BEGIN Dataset excerpt
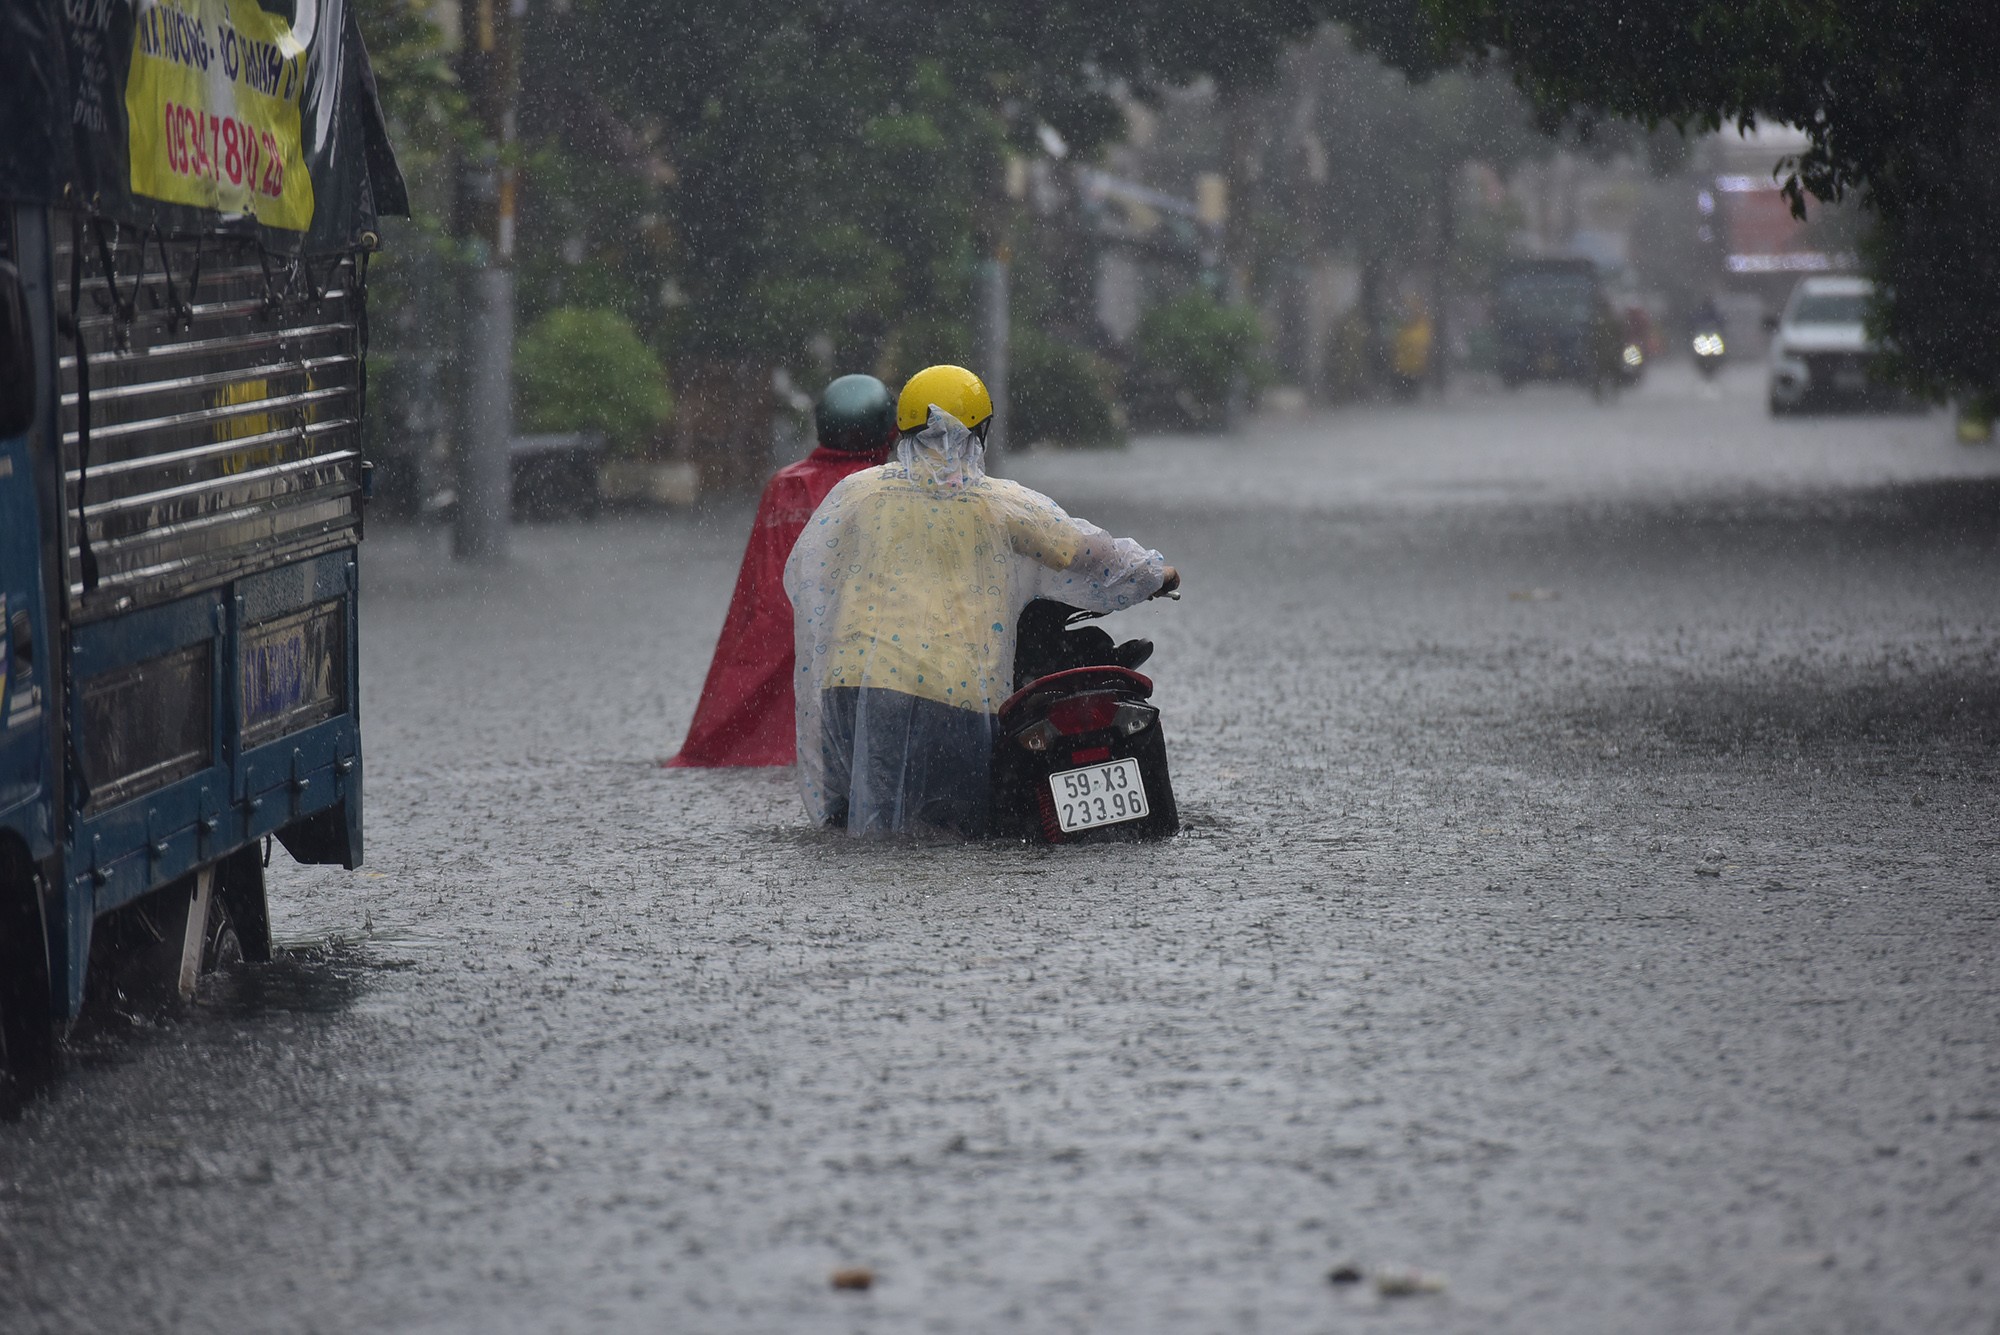 Đường ở TP.HCM ngập sâu trong mưa lớn, nhiều người ngã nhào - 8
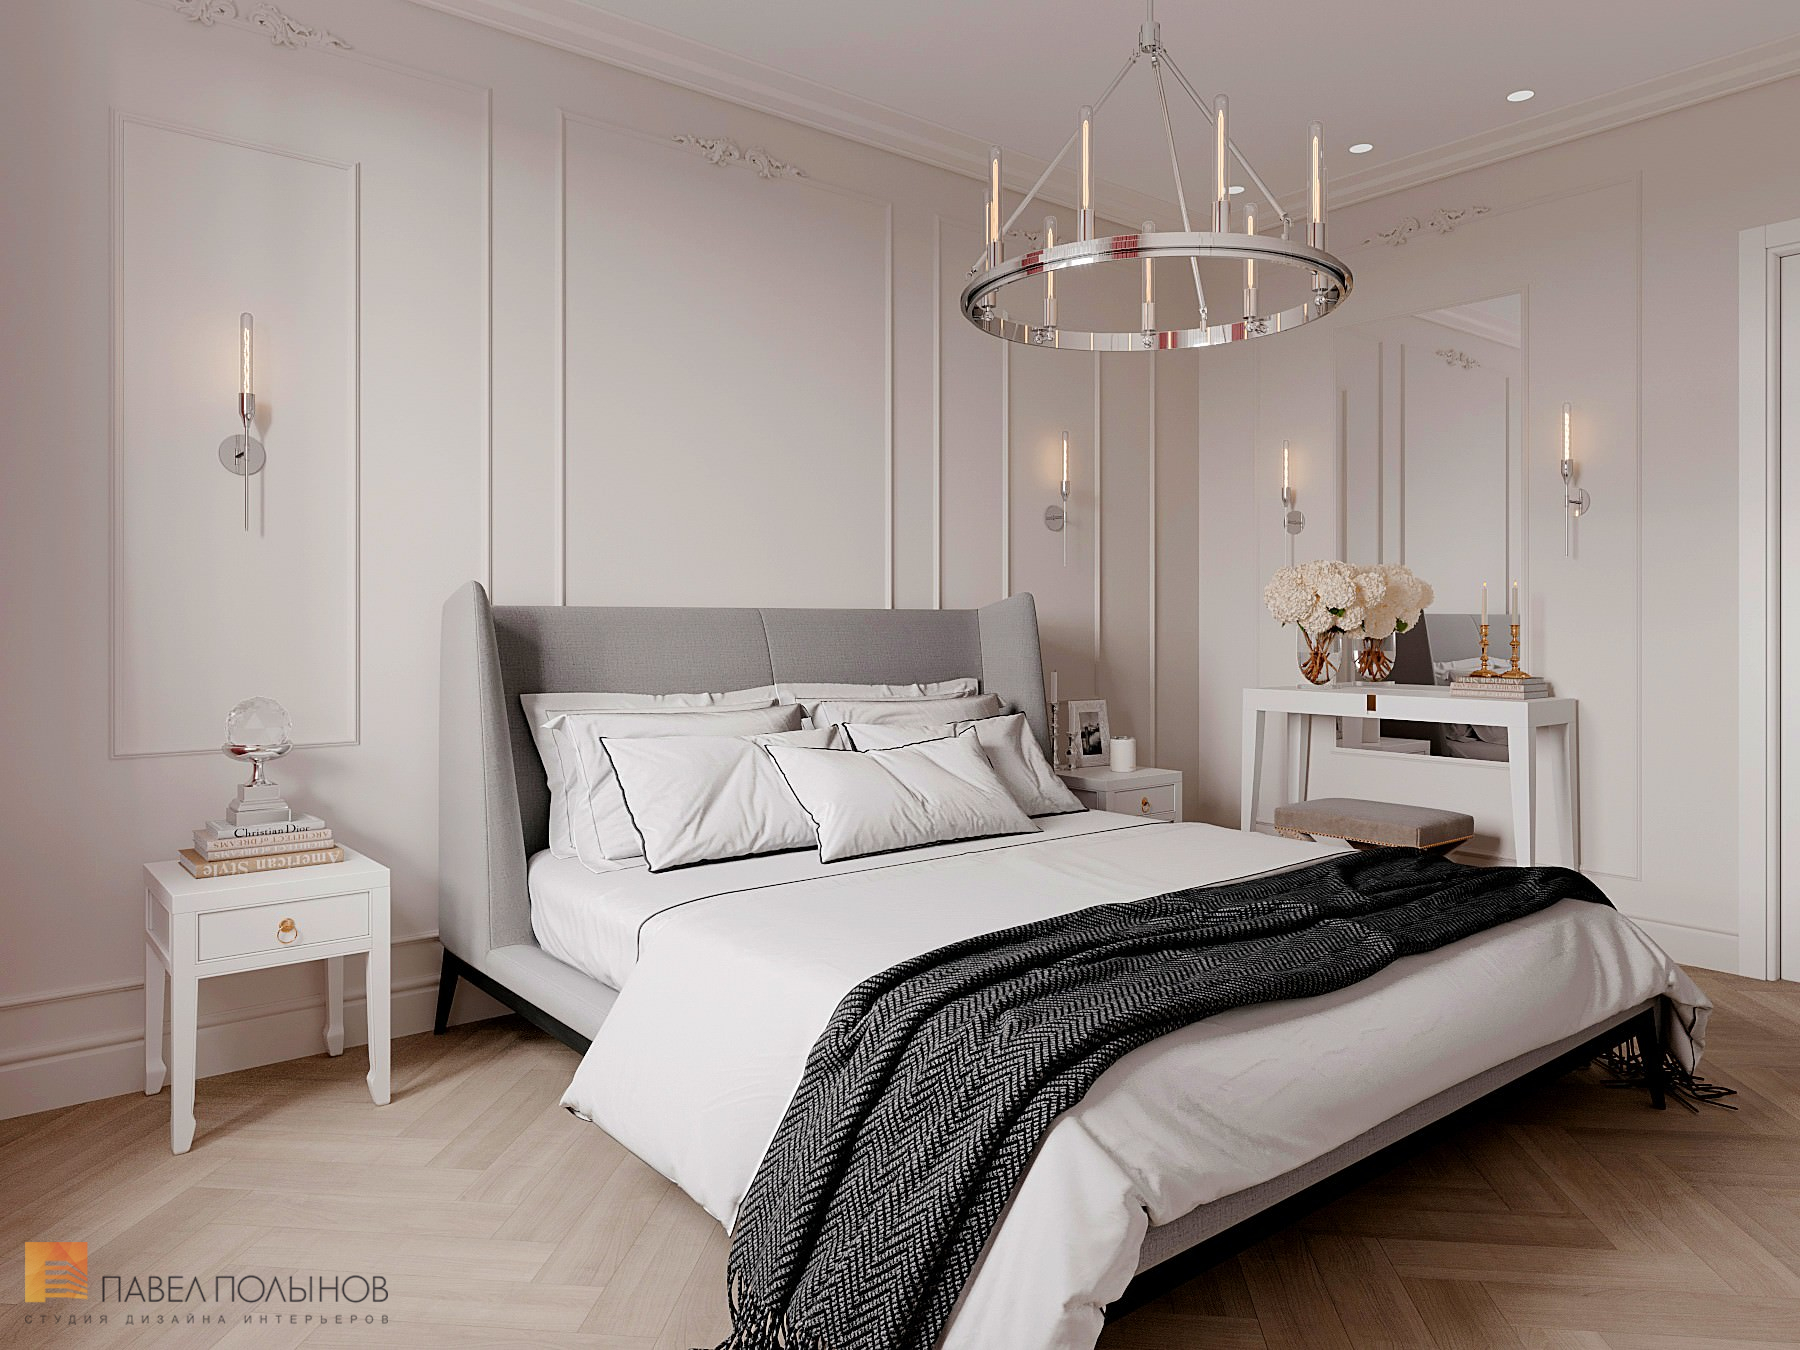 Фото дизайн спальни из проекта «Квартира в стиле неоклассики, ЖК «Skandi Klubb», 76 кв.м.»
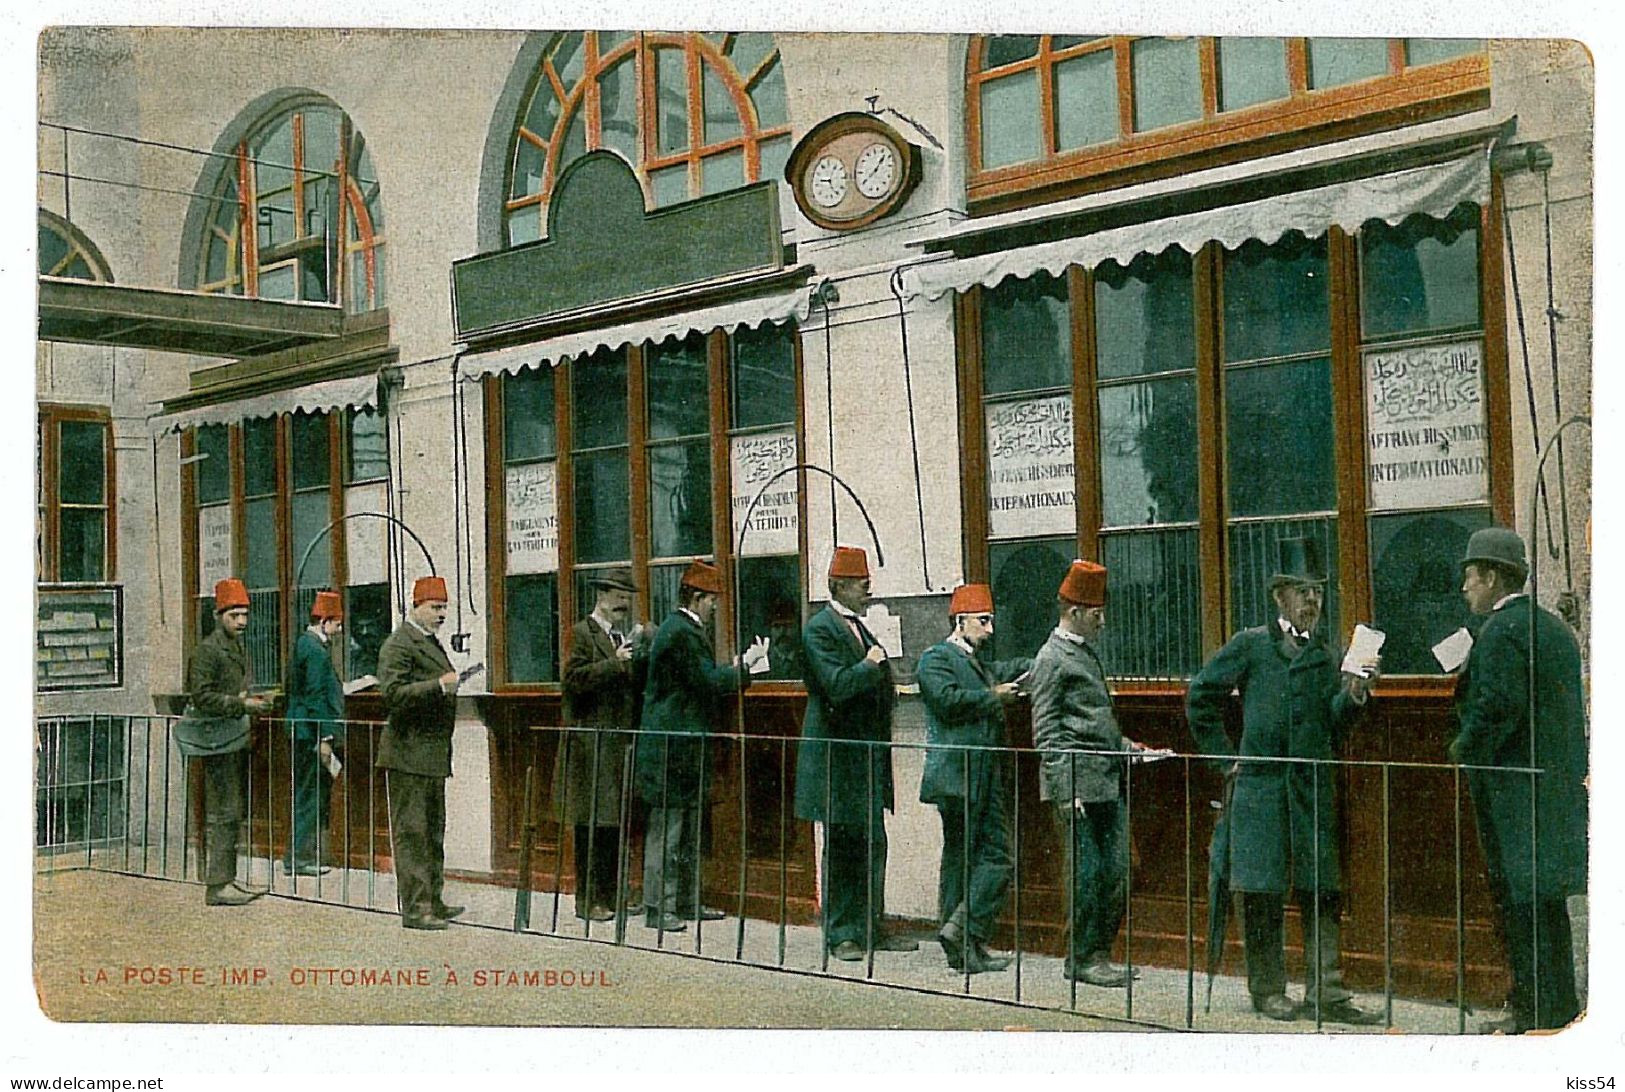 TR 13 - 7819 ISTAMBUL, Turkey, Post OFFICE - Old Postcard - Unused - Turkije
END Dataset excerpt
Your output must reproduce the material above in full, with no pictures.

- Solved exercise -
 Đường ở TP.HCM ngập sâu trong mưa lớn, nhiều người ngã nhào - 8
 Фото дизайн спальни из проекта «Квартира в стиле неоклассики, ЖК «Skandi Klubb», 76 кв.м.»
 TR 13 - 7819 ISTAMBUL, Turkey, Post OFFICE - Old Postcard - Unused - Turkije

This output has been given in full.